Open mooskagh opened 6 years ago
As reported in the Discord channel, in this game, on move 138, NN303 hangs a rook out of the blue costing the drawn game almost instantly. The next move the eval had swung +9.42:
[Event "DESKTOP-RV5DCNB, Blitz 1m+1s"] [Site "Rio de Janeiro, Brazil"] [Date "2018.05.18"] [Round "18"] [White "Spike 1.4"] [Black "lczero v0.10"] [Result "1-0"] [ECO "D94"] [Annotator "0.09;0.01"] [PlyCount "283"] [TimeControl "60+1"]
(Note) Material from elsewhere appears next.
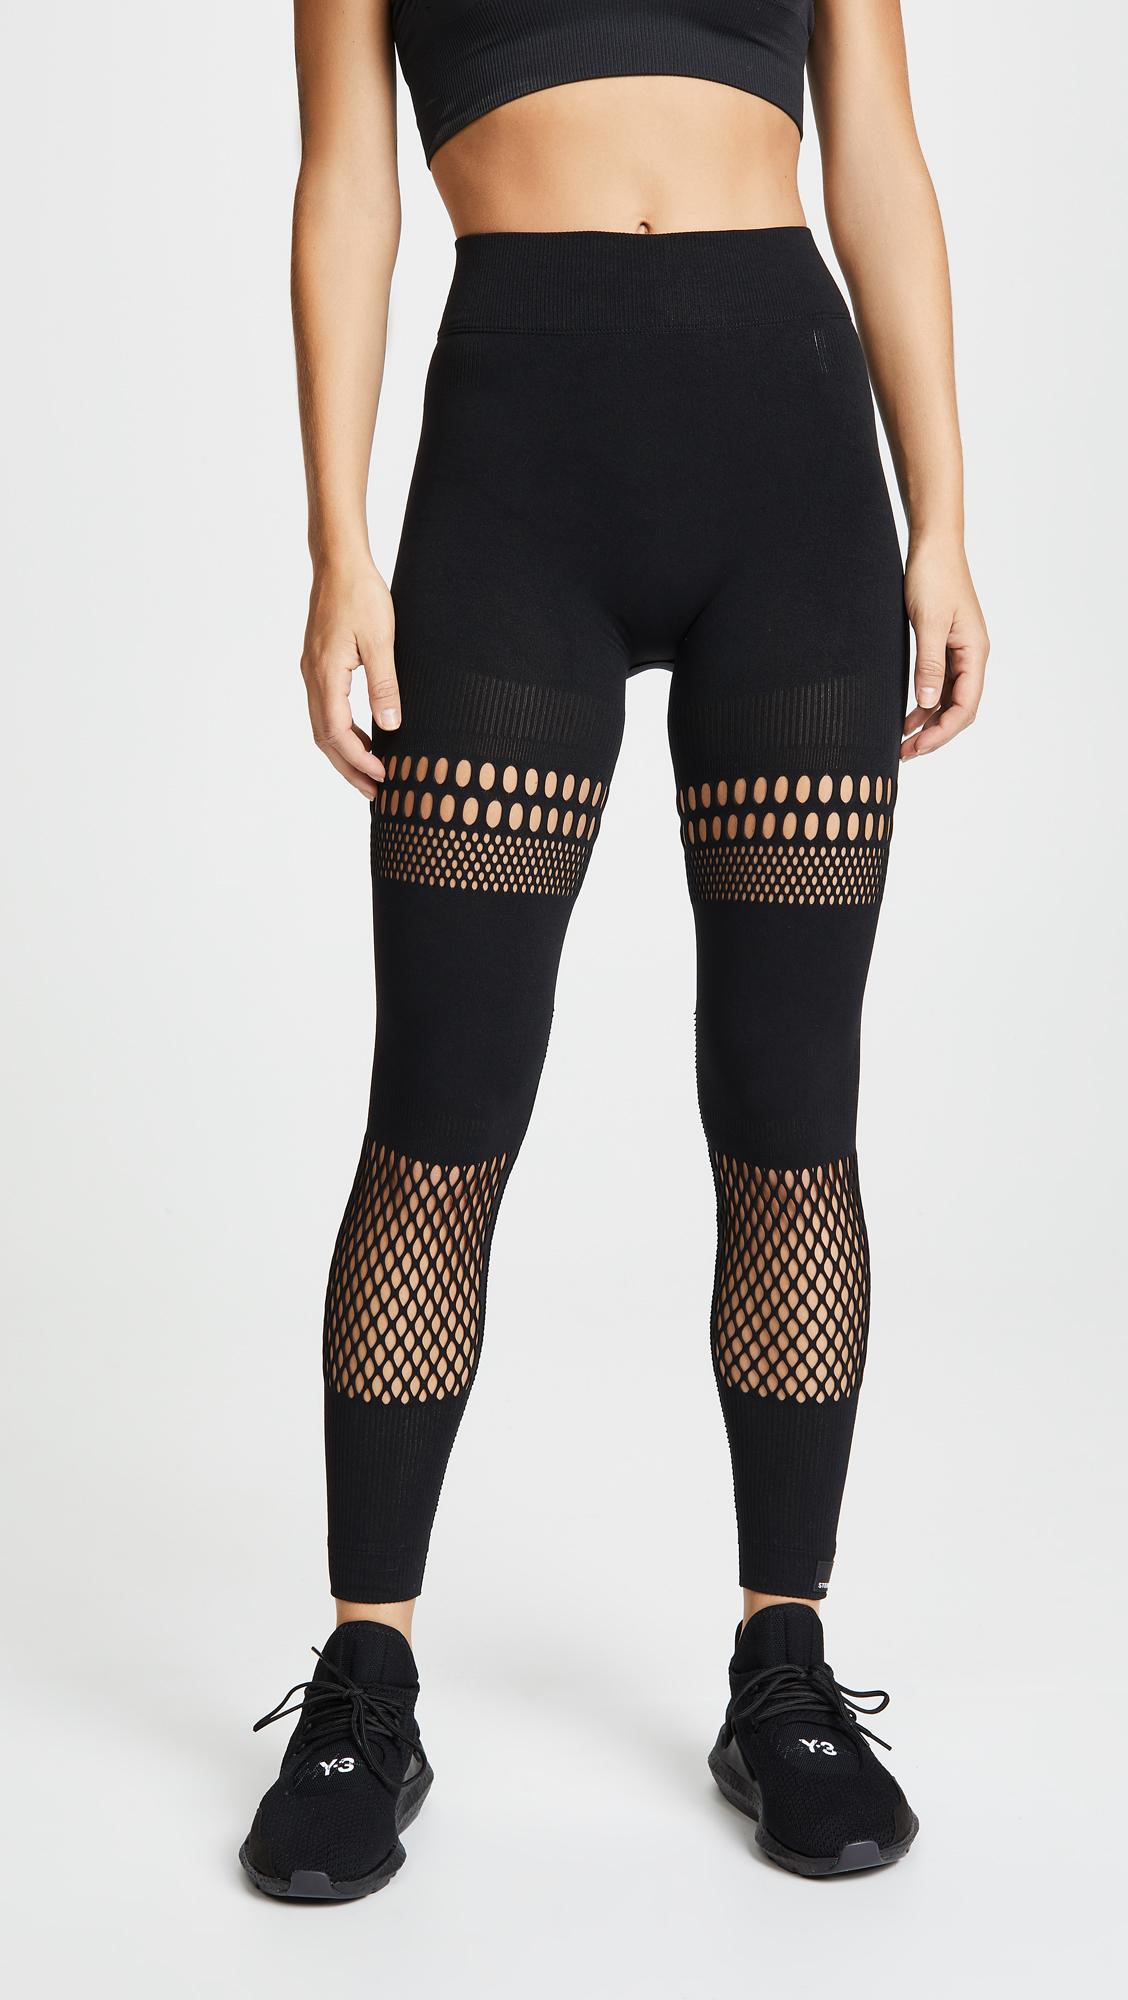 2e6b0b1e4fc38 adidas by Stella McCartney Yoga Warp Knit Leggings | SHOPBOP

{Intel(R) Core(TM) i5-2500K CPU @ 3.30GHz 3293 MHz W=22.2 plies; 4,701kN/s B=17.1 plies; 1kN/s; 45 TBAs} 1. c4 c5 2. Nf3 Nf6 3. Nc3 e6 4. e3 Nc6 5. d4 { Both last book move} d5 {0.01/18 2} 6. a3 {0.09/16 3 (cxd5)} cxd4 {0.06/18 2 (a6)} 7. exd4 {0.17/16 2} g6 {-0.02/19 2 (Be7)} 8. Bd3 {0.59/16 2 (cxd5)} Bg7 { -0.13/19 2 (dxc4)} 9. O-O {0.59/16 2} dxc4 {-0.12/19 2} 10. Bxc4 {0.42/18 12} O-O {-0.16/19 1} 11. Bg5 {0.47/18 3 (Re1)} h6 {-0.34/18 1} 12. Be3 {0.47/17 3 (Bh4)} b6 {-0.34/18 2 (Nd5)} 13. Qe2 {0.44/14 2} Bb7 {-0.27/19 2} 14. Rfd1 { 0.36/14 2 (Rad1)} Ne7 {-0.29/18 2} 15. Ba6 {0.34/14 2 (Bd3)} Bxa6 {-0.31/18 2}
Self play No 14200622. http://lczero.org/game/14200622 or with game analysis https://lichess.org/study/Smk8bomB/5TpAhSFw
Network: 1831f4884d6da86fe369d4a51fbfe6a433703fbf97b0e7122898170c1eede5e0 ID329
Its just a game from generated self play using googles colab Leela_K80 Looks like the queen would move to get out of discovery....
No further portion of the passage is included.